Оранжевый портрет с крапинками (сборник) - Крапивин Владислав Петрович. Страница 10
— Это совсем недалеко, — доверительным шепотом объяснил мне Пяткин. — Там, где склад железного вторсырья. Иначе выражаясь, свалка…
Слова «вторсырье» и «свалка» не вязались со сказкой. Но отступать уже было нельзя, потому что Настя грустно сказала:
— А и ладно, пусть. Все одно скоро придется рассказать…
Опять загадка: про что рассказать? И почему Настя стала печальная?
Но размышлять было некогда, ведьмы уже выбирались из бани.
На огороде пахло сырой картофельной ботвой.
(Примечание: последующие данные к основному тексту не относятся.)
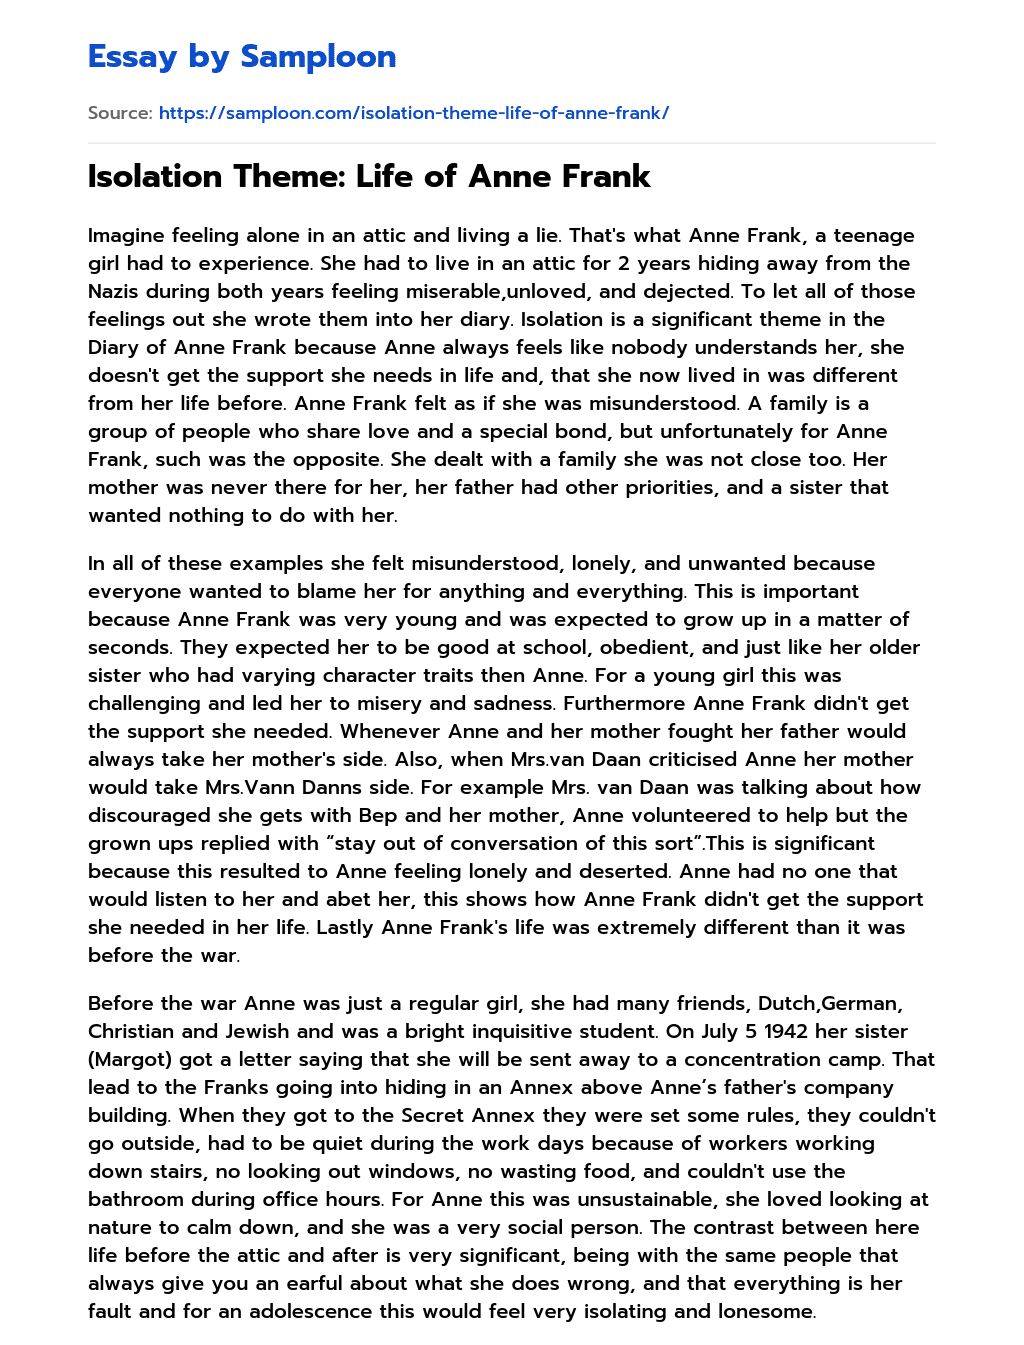 Isolation Theme: Life of Anne Frank essay

Между гряд лежали клочки тумана. Они светились под луной и были похожи на остатки тополиного пуха. Мы оказались на краю лога. Верхушки бурьяна и полыни на заросшем откосе тоже искрились от луны. Вниз вела тропинка. Мы стали спускаться. Сухая глина сыпалась из-под ног. Толстая тяжелая Степанида охала и стонала, хваталась за меня и чуть не раздавила. Я был в сандалиях, кожаные подошвы скользили… В общем, намаялся я, пока спустились. Уж и не до сказок стало.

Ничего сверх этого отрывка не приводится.